Isaiah 3:22
Parallel Verses
English Standard Version
the festal robes, the mantles, the cloaks, and the handbags;

King James Bible
The changeable suits of apparel, and the mantles, and the wimples, and the crisping pins,

American Standard Version
the festival robes, and the mantles, and the shawls, and the satchels;

Douay-Rheims Bible
And changes of apparel, and short cloaks, and fine linen, and crisping pins,

English Revised Version
the festival robes, and the mantles, and the shawls, and the satchels;

Webster's Bible Translation
The changeable suits of apparel, and the mantles, and the wimples, and the crisping-pins,

Isaiah 3:22 Parallel
Keil and Delitzsch Biblical Commentary on the Old Testament

But notwithstanding the dramatic vividness with which the prophet pictures to himself this scene of judgment, he is obliged to break off at the very beginning of his description, because another word of Jehovah comes upon him. This applies to the women of Jerusalem, whose authority, at the time when Isaiah prophesied, was no less influential than that of their husbands who had forgotten their calling. "Jehovah hath spoken: Because the daughters of Zion are haughty, and walk about with extended throat, and blinking with the eyes, walk about with tripping gait, and tinkle with their foot-ornaments: the Lord of all makes the crown of the daughters of Zion scabbed, and Jehovah will uncover their shame." Their inward pride (gâbah, as in Ezekiel 16:50; cf., Zephaniah 3:11) shows itself outwardly. They walk with extended throat, i.e., bending the neck back, trying to make themselves taller than they are, because they think themselves so great. The Keri substitutes the more usual form, נטוּית; but Isaiah in all probability intentionally made use of the rarer and ruder form netuvoth, since such a form really existed (1 Samuel 25:18), as well as the singular nâtu for nâtui (Job 15:22; Job 41:25 : Ges. 75, Anm. 5). They also went winking the eyes (mesakkeroth, for which we frequently find the erratum mesakkeroth), i.e., casting voluptuous and amatory glances with affected innocence (νεύματα ὀφθαλμῶν, lxx). "Winking:" sâkar is not used in the sense of fucare (Targ. b. Sabbath 62b, Jome 9b, Luther) - which is all the more inappropriate, because blackening the eyelids with powder of antimony was regarded in the East of the Old Testament as indispensable to female beauty - but in the sense of nictare (lxx, Vulg., Syr., syn. remaz, cf., sekar, Syr. to squint; Targ. equals shâzaph, Job 20:9). Compare also the talmudic saying: God did not create woman out of Adam's ear, that she might be no eavesdropper (tsaithânith), nor out of Adam's eyes, that she might be no winker (sakrânith).

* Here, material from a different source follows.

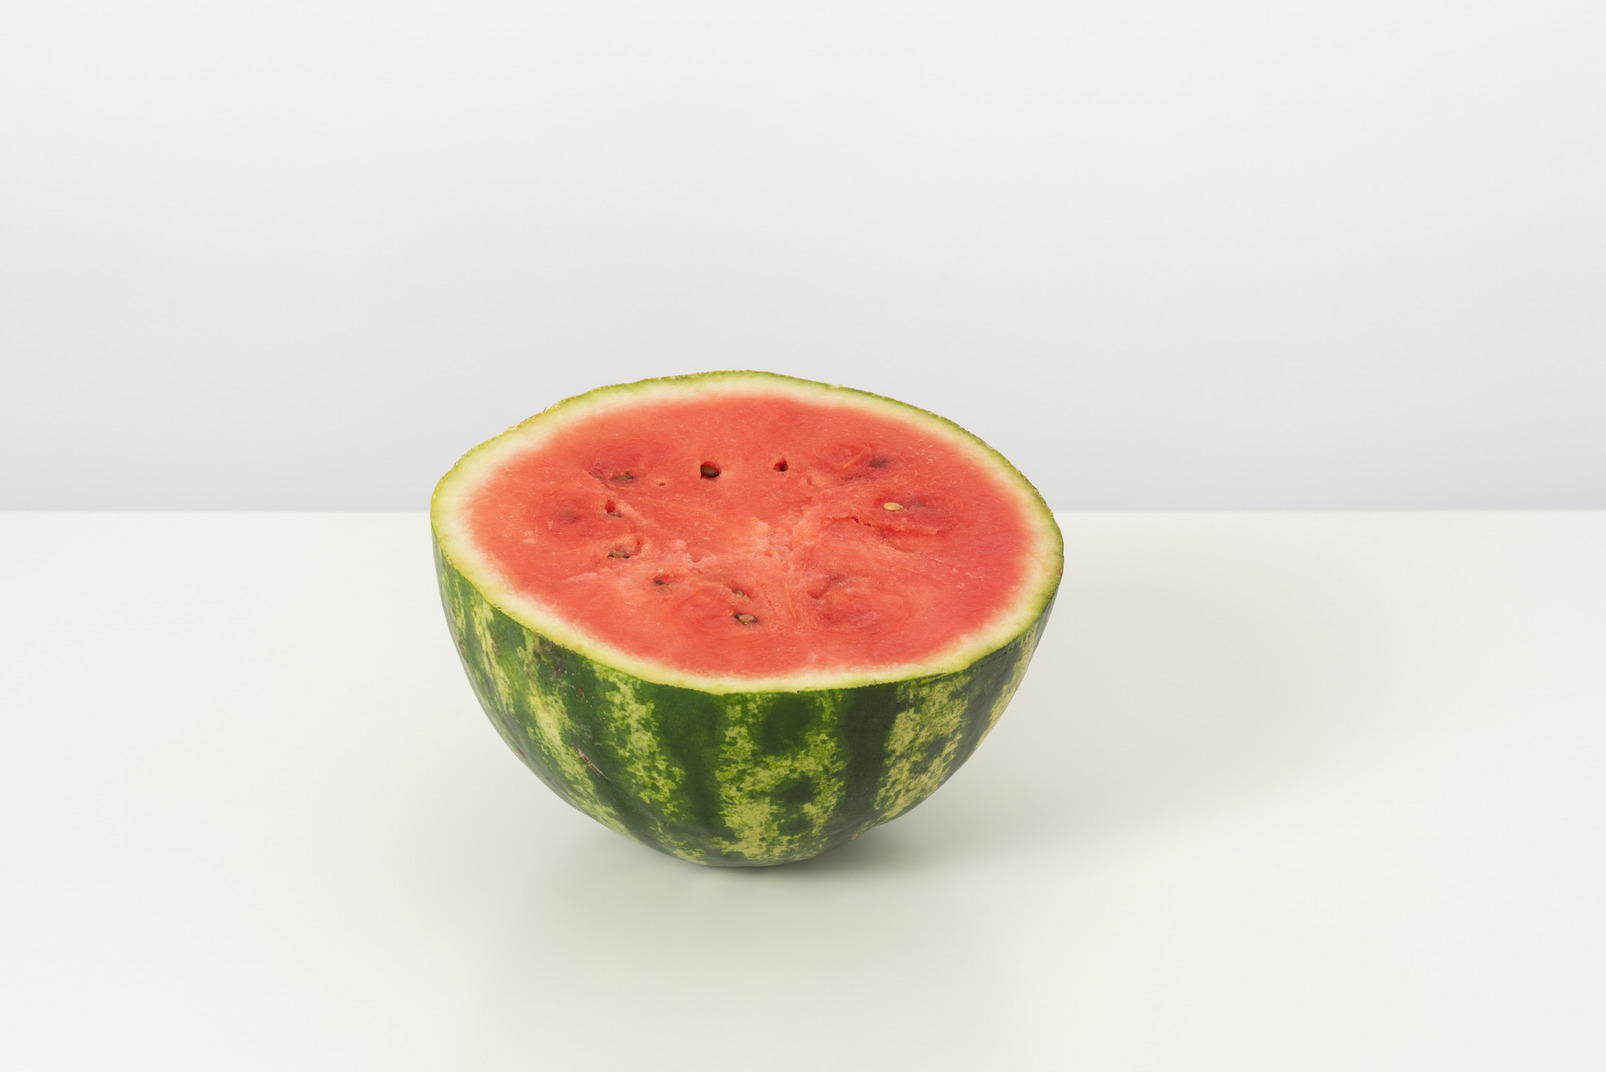 A half of a sweet ripe watermelon, lying isolated against a white background, looking nice and yummy

(Note: Also b. Sota 47b: "Since women have multiplied with extended necks and winking eyes, the number of cases has also multiplied in which it has been necessary to resort to the curse water (Numbers 5:18)." In fact, this increased to such an extent, that Johanan ben Zakkai, the pupil of Hillel, abolished the ordeal (divine-verdict) of the Sota (the woman suspected of adultery) altogether. The people of his time were altogether an adulterous generation.)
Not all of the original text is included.